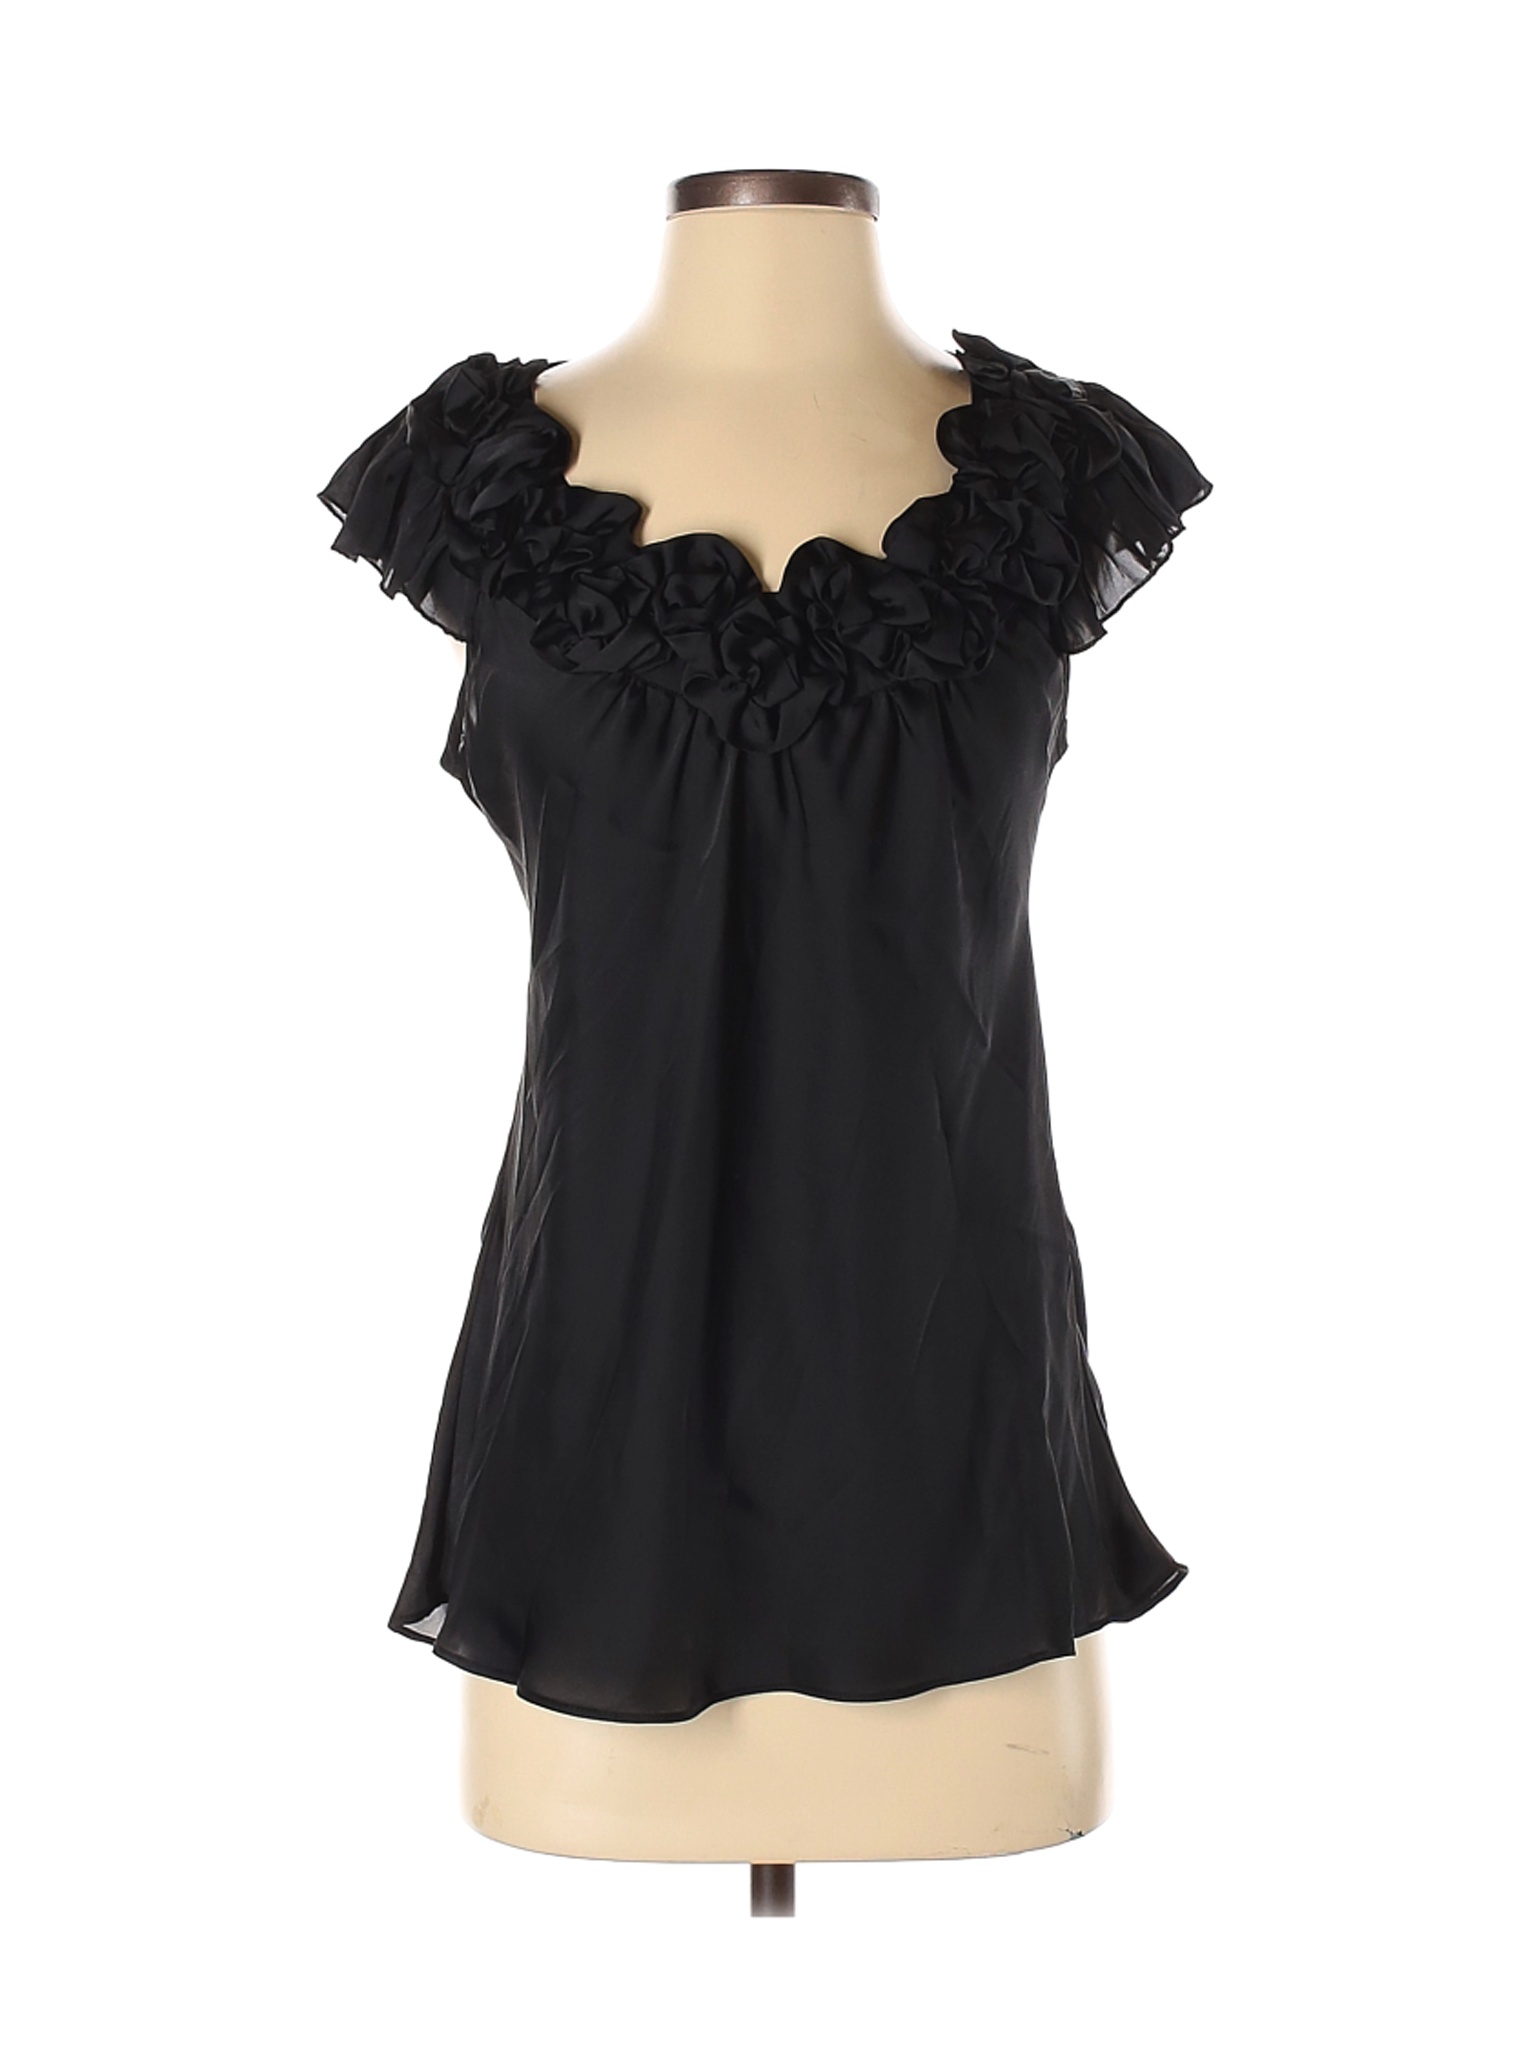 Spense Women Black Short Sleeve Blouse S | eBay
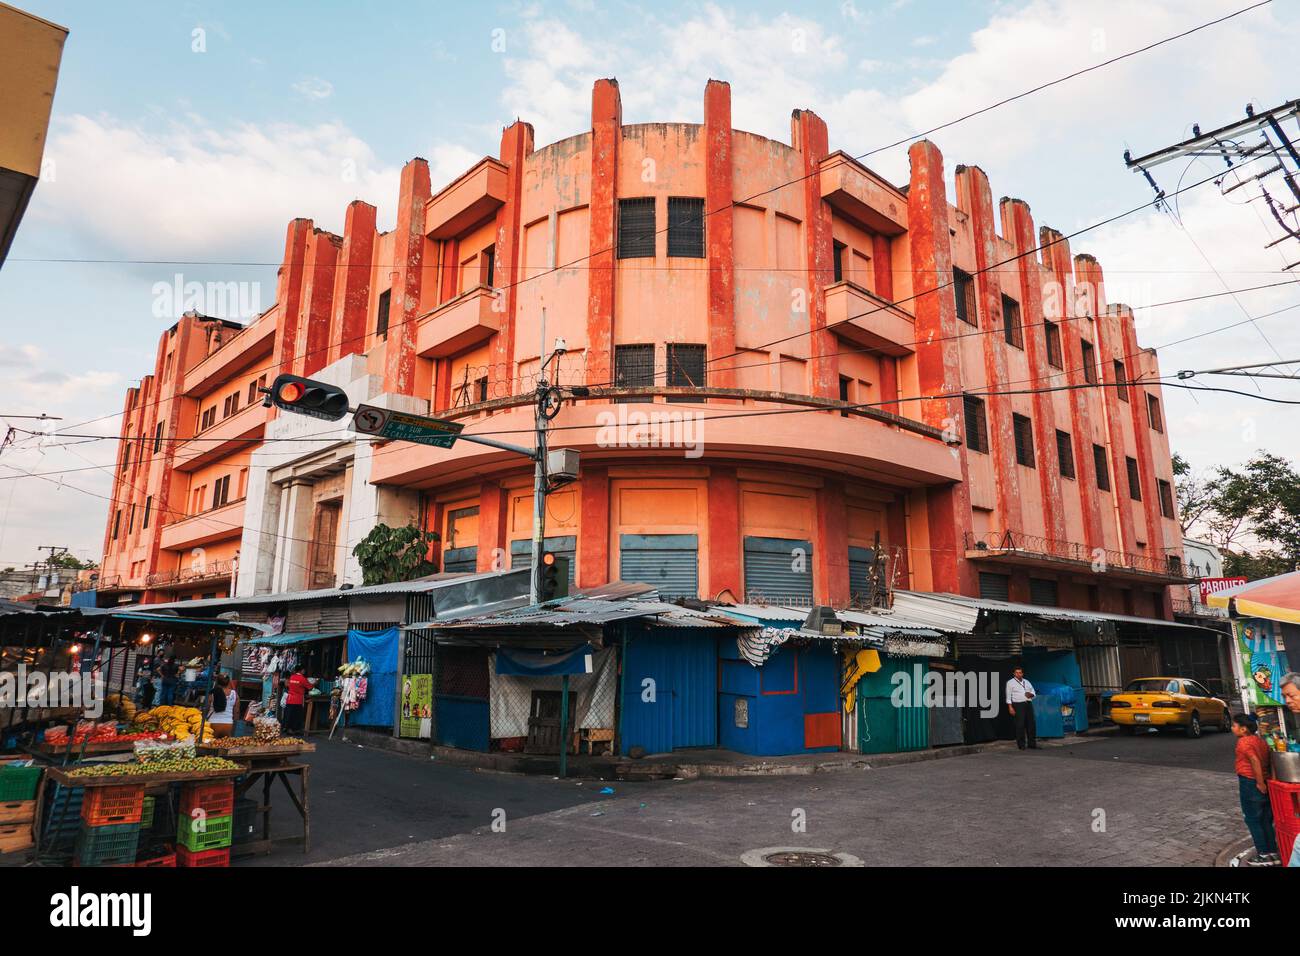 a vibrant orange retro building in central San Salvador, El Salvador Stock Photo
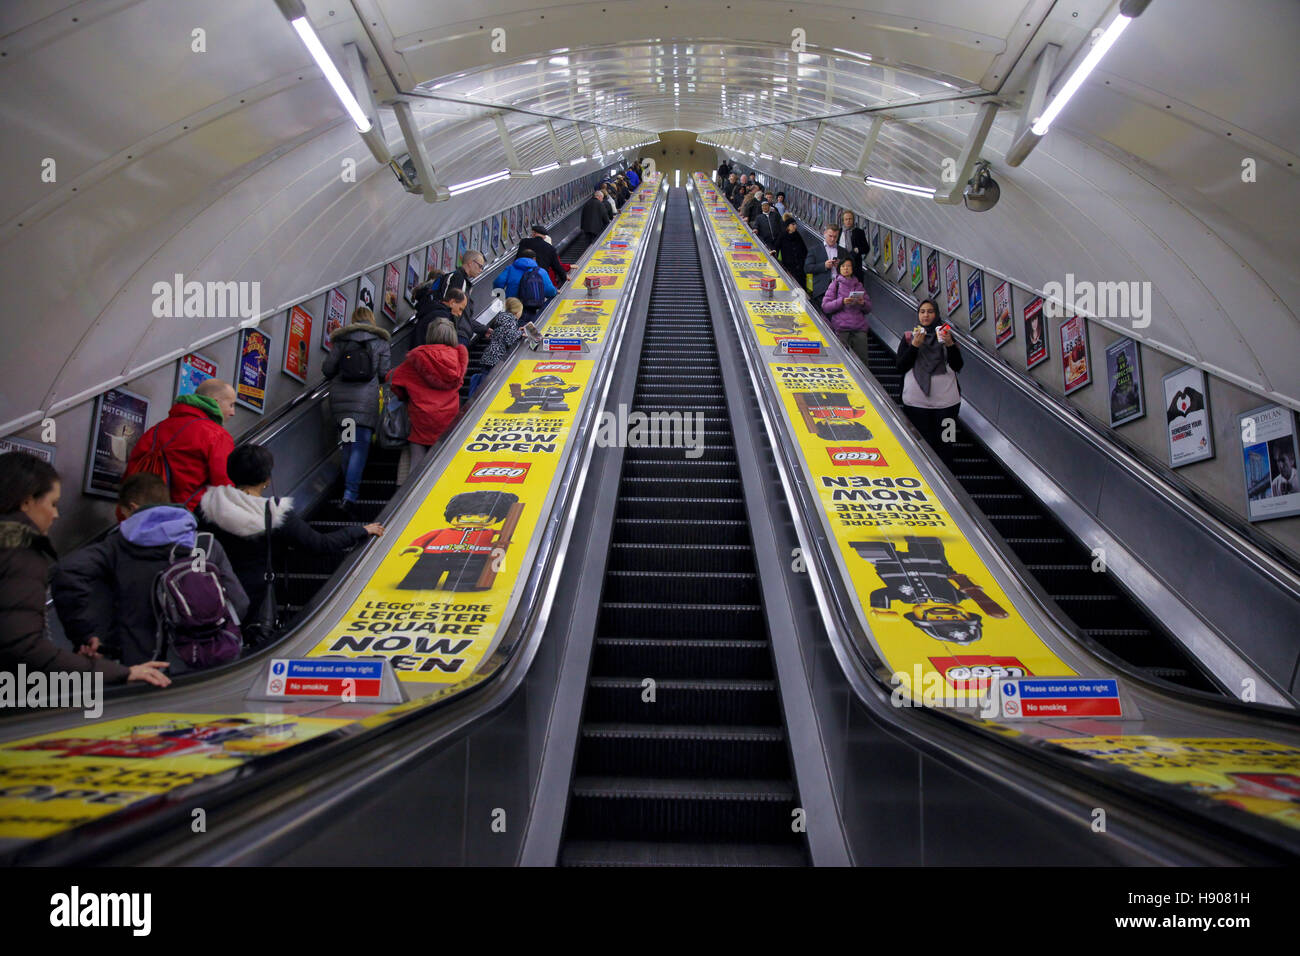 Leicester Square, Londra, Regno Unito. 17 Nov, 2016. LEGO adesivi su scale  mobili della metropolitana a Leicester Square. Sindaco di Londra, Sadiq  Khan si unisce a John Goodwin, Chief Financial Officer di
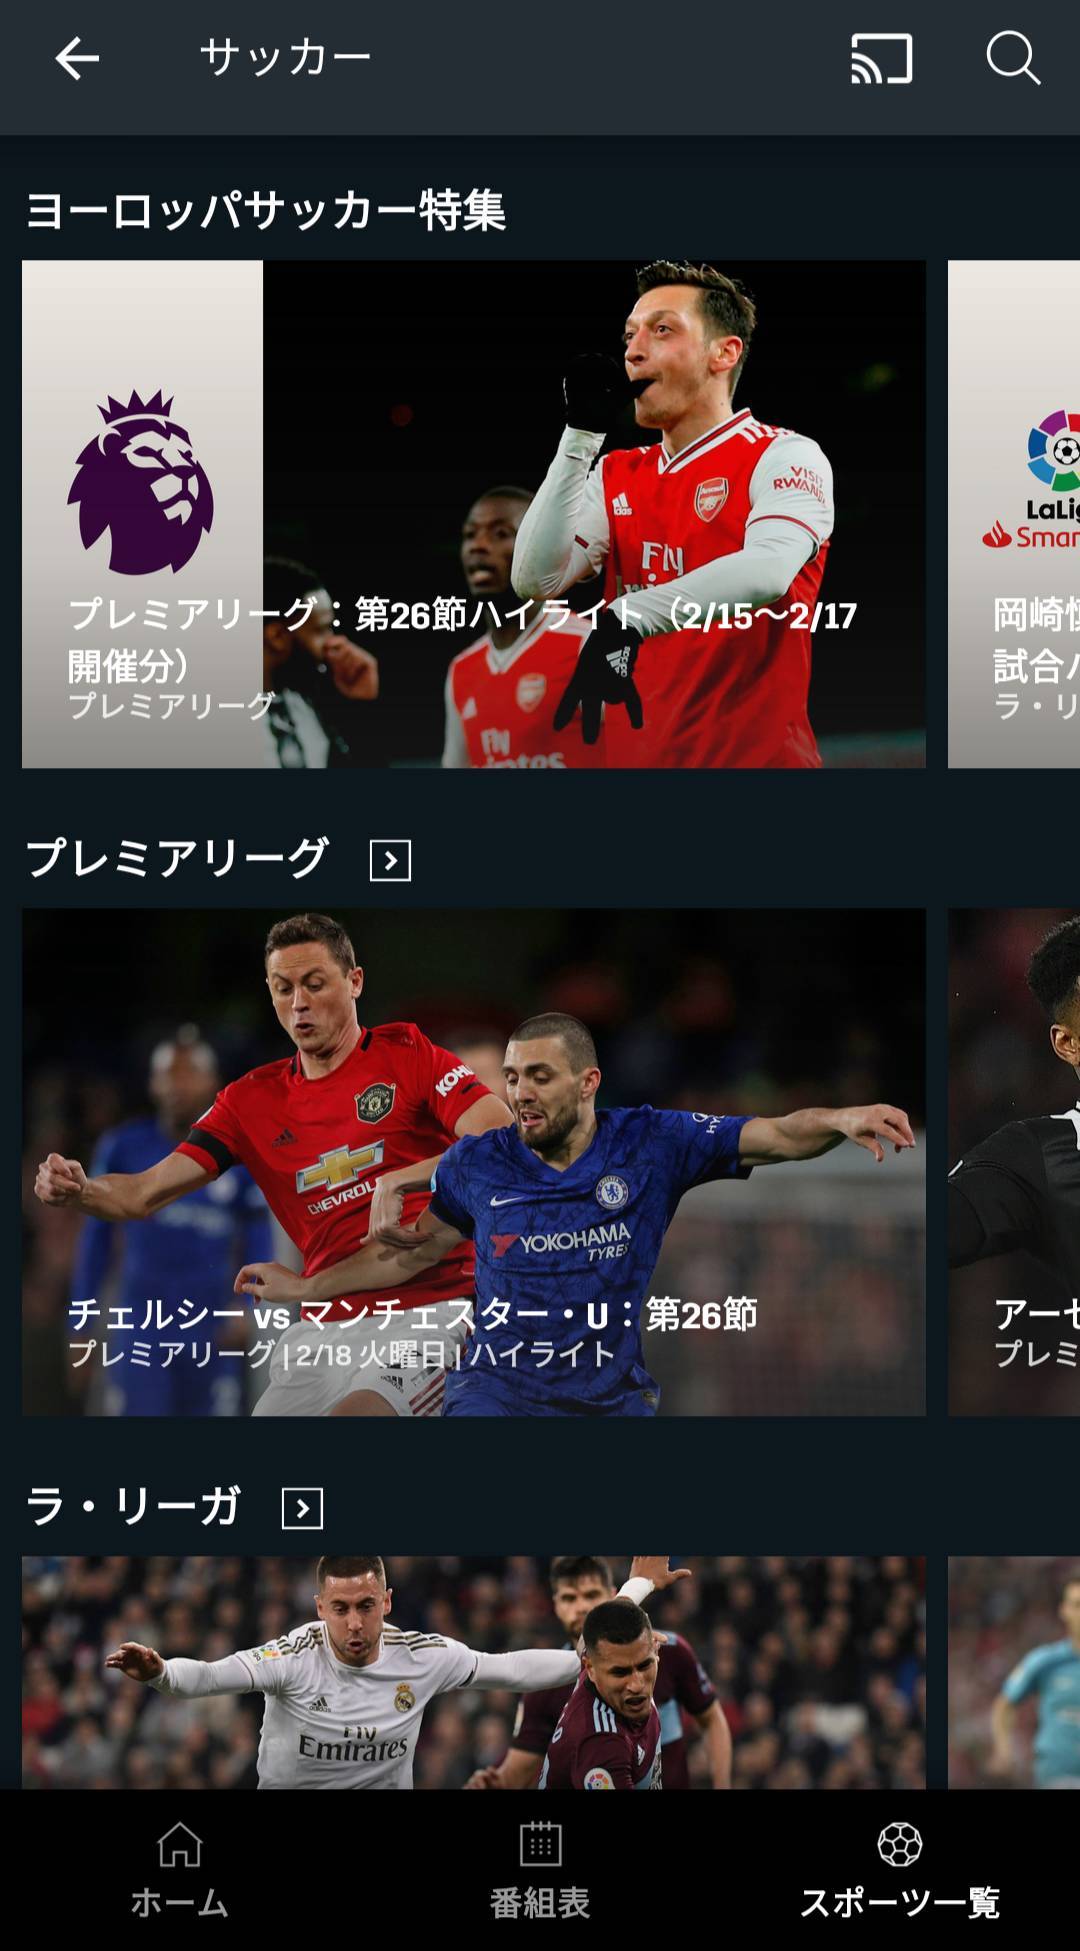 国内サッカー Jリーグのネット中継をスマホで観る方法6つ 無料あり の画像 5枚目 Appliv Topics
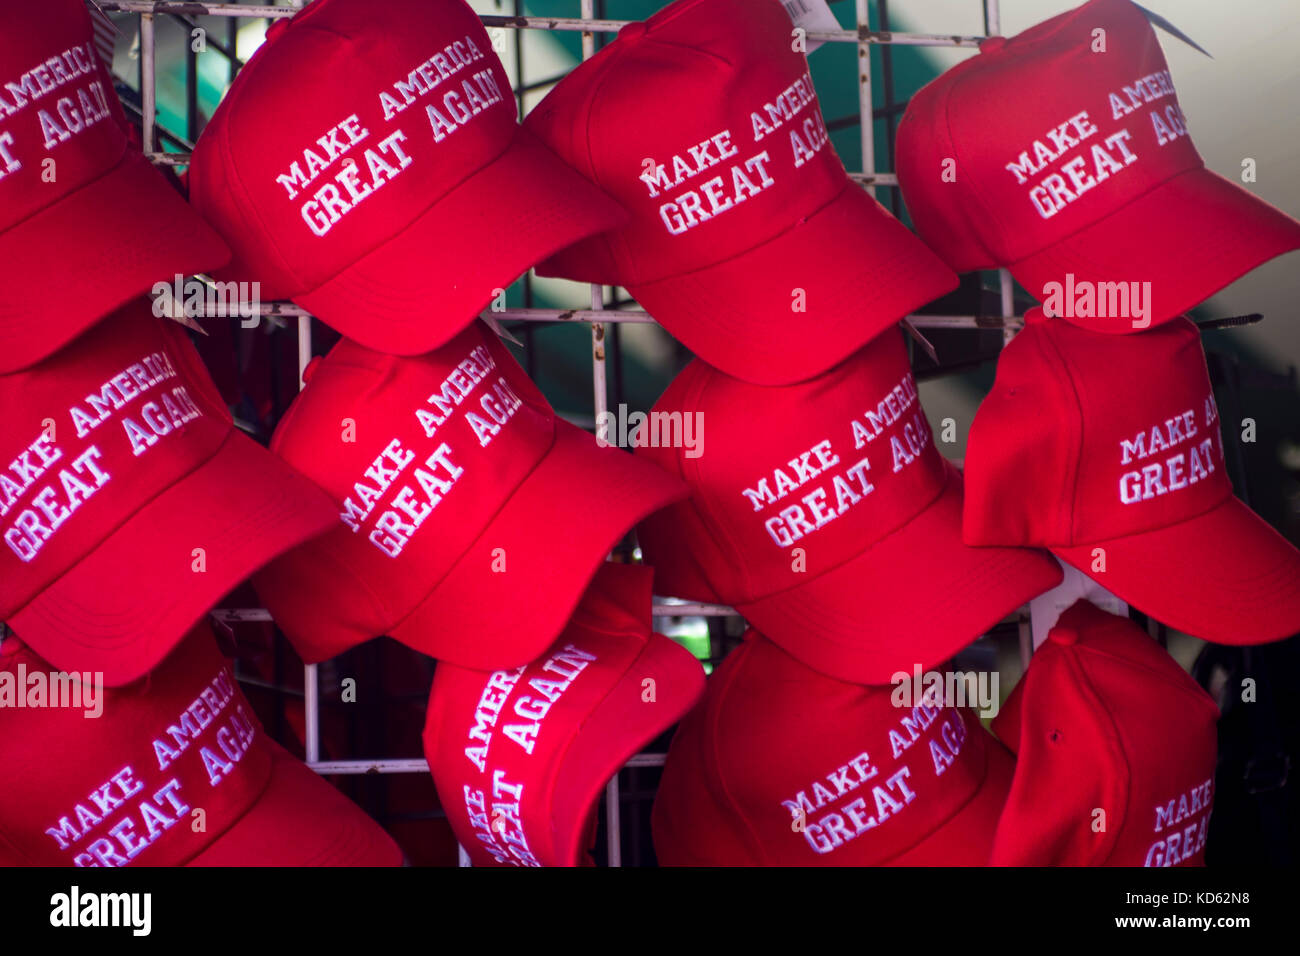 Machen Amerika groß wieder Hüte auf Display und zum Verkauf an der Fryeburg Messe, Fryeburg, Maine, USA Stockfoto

************

*Task directions:* Every entry above needs to be printed again exactly, with its pictures left out.

*Problem solution:*
 Spense Women Black Short Sleeve Blouse S | eBay
 a vibrant orange retro building in central San Salvador, El Salvador Stock Photo
 Leicester Square, Londra, Regno Unito. 17 Nov, 2016. LEGO adesivi su scale  mobili della metropolitana a Leicester Square. Sindaco di Londra, Sadiq  Khan si unisce a John Goodwin, Chief Financial Officer di
 国内サッカー Jリーグのネット中継をスマホで観る方法6つ 無料あり の画像 5枚目 Appliv Topics
 Machen Amerika groß wieder Hüte auf Display und zum Verkauf an der Fryeburg Messe, Fryeburg, Maine, USA Stockfoto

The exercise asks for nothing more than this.